Bailey Layish | Staff Writer
Living with type one diabetes is exhausting. Chronic illnesses are never ending. Diabetes is a full-time job on top of schoolwork. Diabetes is a list of things to always keep in my head: blood sugar, carbs, insulin. Diabetes is an endless reminder that my body isn’t working properly and I need to spend my time and energy to figure out what’s wrong. Diabetes is sitting through four hours of classes and finally walking out and feeling dizzy and nauseous, and realizing it is because my blood sugar is high and I didn’t notice because I was too focused on schoolwork. Diabetes is walking to the dining hall and not having the energy to eat because I feel so disgusting from the high blood sugar. Diabetes is dealing with the low later from not eating dinner: the shaking, the sweating, the sobbing, and forcing yourself to drink a glass of orange juice. Diabetes is going high, again, because I drank too much orange juice and forgot I ran out of insulin. Diabetes is picking myself up off the floor and walking to the pharmacy. Diabetes is not crying when my insulin costs over $100, with insurance. Diabetes is walking the three blocks home from the pharmacy and hoping I don’t low again.

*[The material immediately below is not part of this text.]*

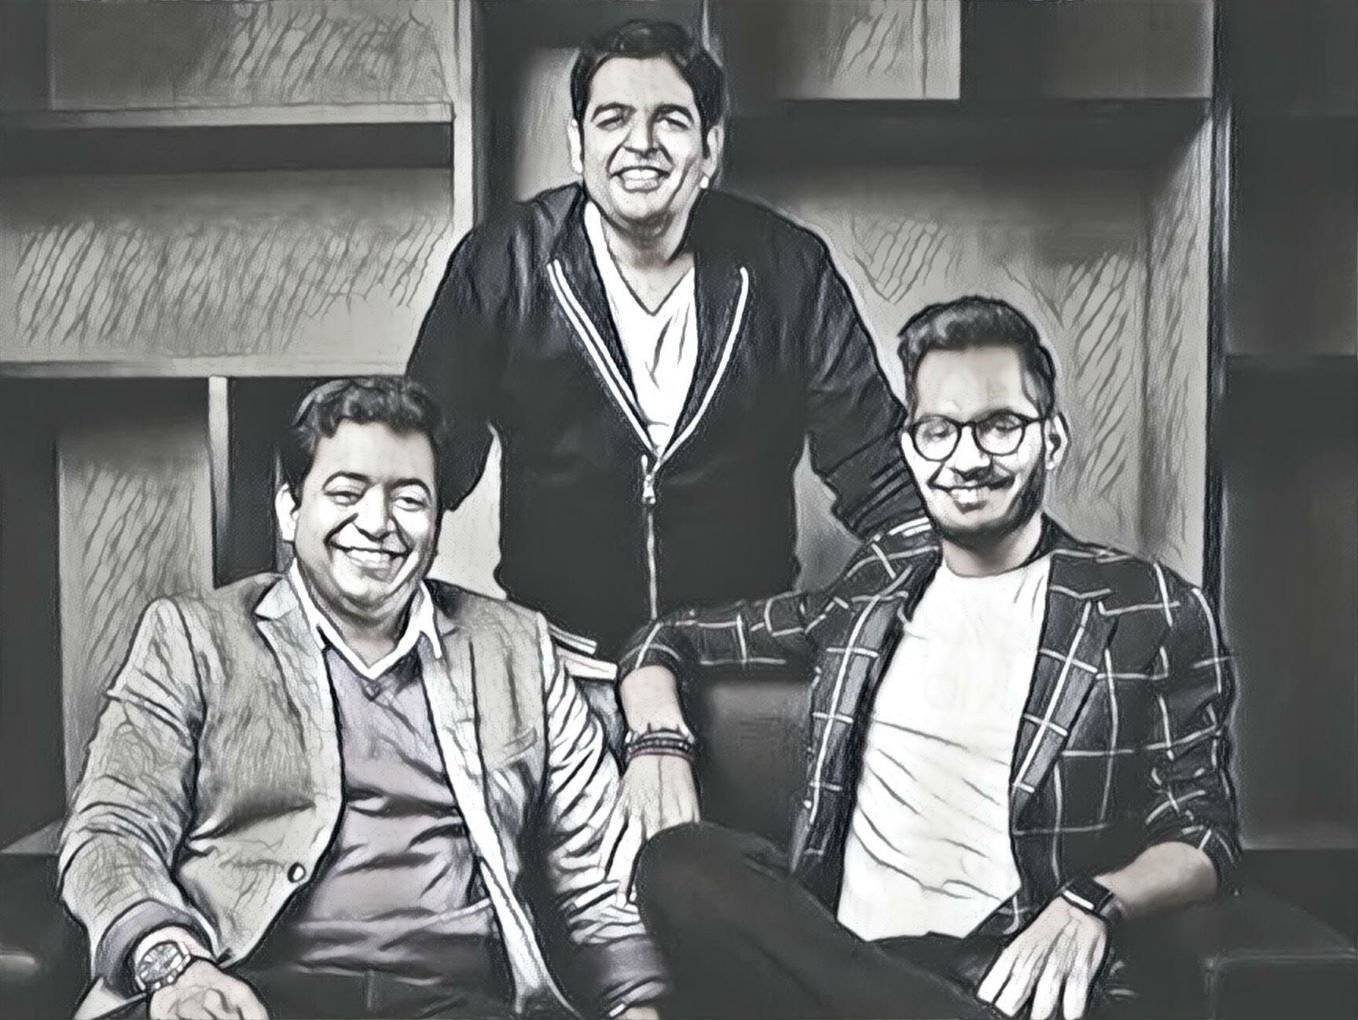 Unacademy Secures $50 Mn In Mega Funding Round From Steadview, Sequoia And Others

That’s all it really is. Hoping I don’t go high and hoping I don’t go low and never really knowing what to do to prevent either. I mean it should be simple: blood sugar goes up with food, and down with insulin. But how much insulin or how much food can change constantly. If I wake up and eat the same breakfast every morning, I might need a different amount of insulin each day. Most people cannot afford an inconsistent amount of insulin. Most people cannot afford insulin.
And I’m lucky. Because I can afford my insulin and because I can afford a fancy medical device who warns me when my blood sugar is too high or too low so I don’t pass out in the middle of a chemistry lab. But my insulin pump will tell me I am low in lab and my brain must process the information: can my lab partner handle the experiment so I can get something to eat? Will I get in trouble for sitting down? Do I need to sit down or can I eat my sour patch kids and go back to the experiment? Will I go lower if I continue standing? Did I finish the sour patch kids in my backpack when I went low last week? And of course, I ate the same breakfast as I did yesterday, and I gave the same amount of insulin. How come today I went low when yesterday my blood sugar was high? There’s a never ending struggle of “what can I do right now so I don’t die?” inevitably combined with “will those around me understand what’s happening?” Because even though I told my lab partner and my professor I have diabetes, there’s still days when they get frustrated with me for sitting down or not finishing my work or not helping.
And there’s days when I resent myself for not finishing work. There’s days when my blood sugar goes low after a dance rehearsal and I have to lay down and I just can’t get back up because all of my energy is gone. It all went toward raising my blood sugar. And there’s days when I can’t read my textbook anymore or do any more math problems because I haven’t eaten and now my blood sugar has dropped far too low. And then there’s days when my blood sugar is fine. Maybe weeks where my blood sugar is nearly perfect. But I’m just so tired from fighting for weeks, months, years, just to stay alive. Diabetes is a never-ending battle. And it is exhausting.